Раздался звонок, он открыл дверь, появилась секретарша. Они дружески поздоровались. Серизье извинился, что выходит к ней в халате, и на первую минуту прикрыл ладонью шею: давно был уверен, что секретарша тайно в него влюблена, и не ошибался. Так и теперь он прочел это на ее лице, при встрече после трехнедельной разлуки. Мадмуазель Лансель, как женщина, для него не существовала, хоть ее нельзя было назвать безобразной. Было ей лет тридцать, замуж она не выходила, не имела, по-видимому, и друга. В те редкие минуты, когда у Серизье было время и желание заниматься чужой душой, он себя спрашивал, чем может внутренне жить мадмуазель Лансель. Партийная работа как будто ее увлекала, — однако на сколько-нибудь значительное повышение в партии секретарша рассчитывать не могла. Она была militante[227] и должна была, очевидно, оставаться в этом звании до самой смерти. Серизье иногда приходило в голову, что хорошо было бы выдать замуж мадмуазель Лансель за какого-нибудь militant. Но подходящего человека у него на примете не было; он, вдобавок, боялся лишиться секретарши, которой очень дорожил. «Каждый должен сам находить свою дорогу в жизни!» — со вздохом говорил себе в таких случаях Серизье. Мадмуазель Лансель никогда на судьбу не жаловалась, была неизменно в добром настроении, ничего ни от кого не требовала, жила изо дня в день, как живут все. Ее стиль был: le frais sourire d’une Parisienne toujours gaie et toujours courageuse[228], — такой же стиль, как у тысяч других бедных барышень, работающих, правда, не в партии, а в магазинах, в банках, в конторах, и тоже понемногу теряющих надежду выйти замуж.
— …Mais c’est yrai, patron!

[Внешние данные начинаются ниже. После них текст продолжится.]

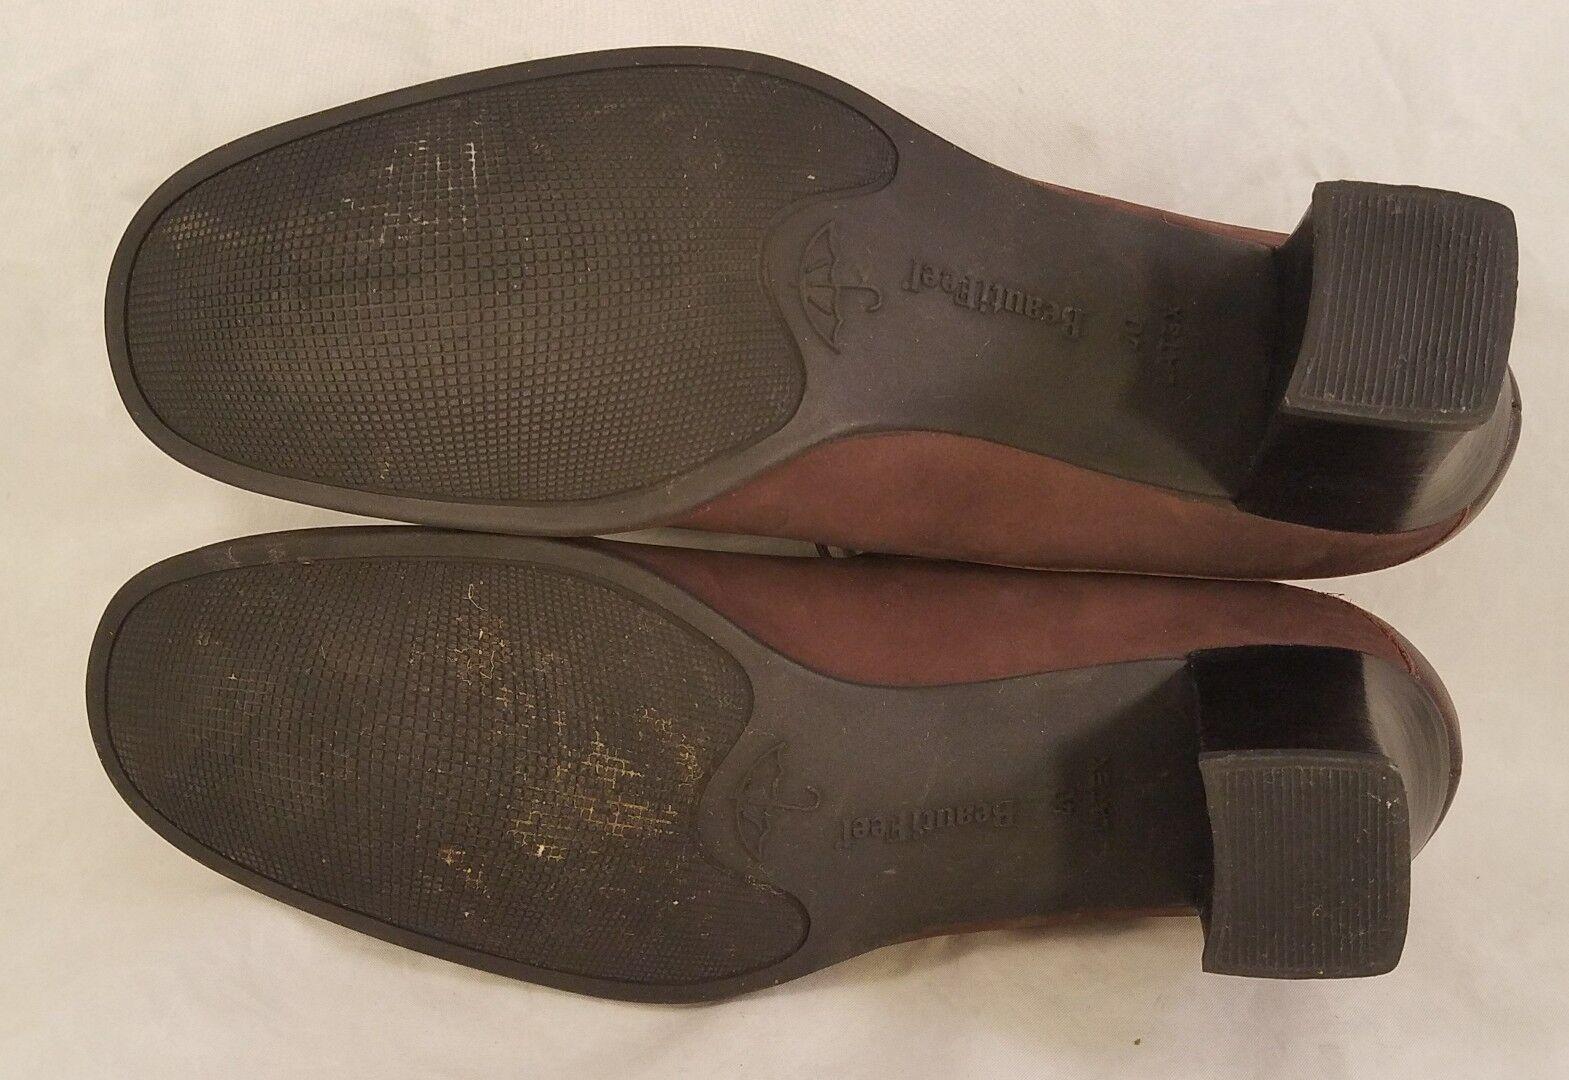 BEAUTIFEEL WOMAN chaussures MARY JANES marron NUBUCK NUBUCK NUBUCK  Taille 40  USA 9 EUC b16bee
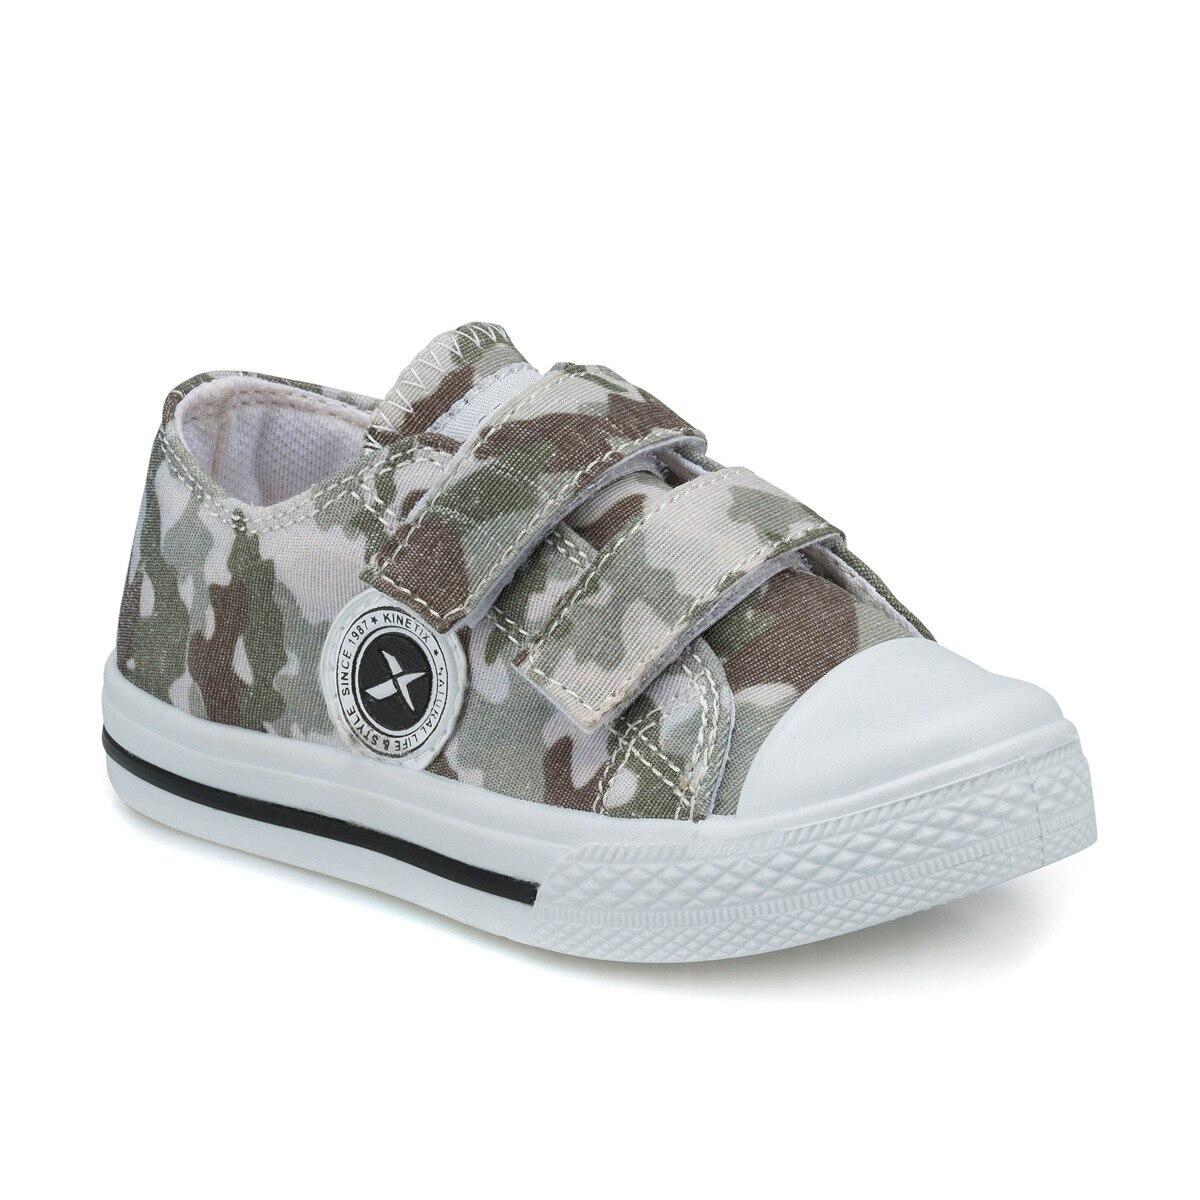 FLO ARM Khaki Male Child Sneaker Shoes KINETIX

Il у a beau temps que je ne vo-us ai pas vu comme ça![229] — весело говорила секретарша.
Фамильярности между ними не было. При самых добрых отношениях, мадмуазель Лансель отлично знала и свое место, и разницу в их общественном положении. Она шутливо-официально называла его патроном (хотя это было не принято): вначале ее интонация показывала, что слово это употребляется ею в кавычках; потом кавычки отпали, осталось удобное обращение: «Monsieur» было неприятно, «maitre» не очень годилось, — она была по преимуществу политическая секретарша, — «camarade» и «citoyen» предназначались, разумеется, лишь для митингов… Серизье обычно никак не называл секретаршу, но в особенно добрые минуты говорил «ma petite» или «mon petit»[230] , что доставляло мадмуазель Лансель необыкновенное наслаждение.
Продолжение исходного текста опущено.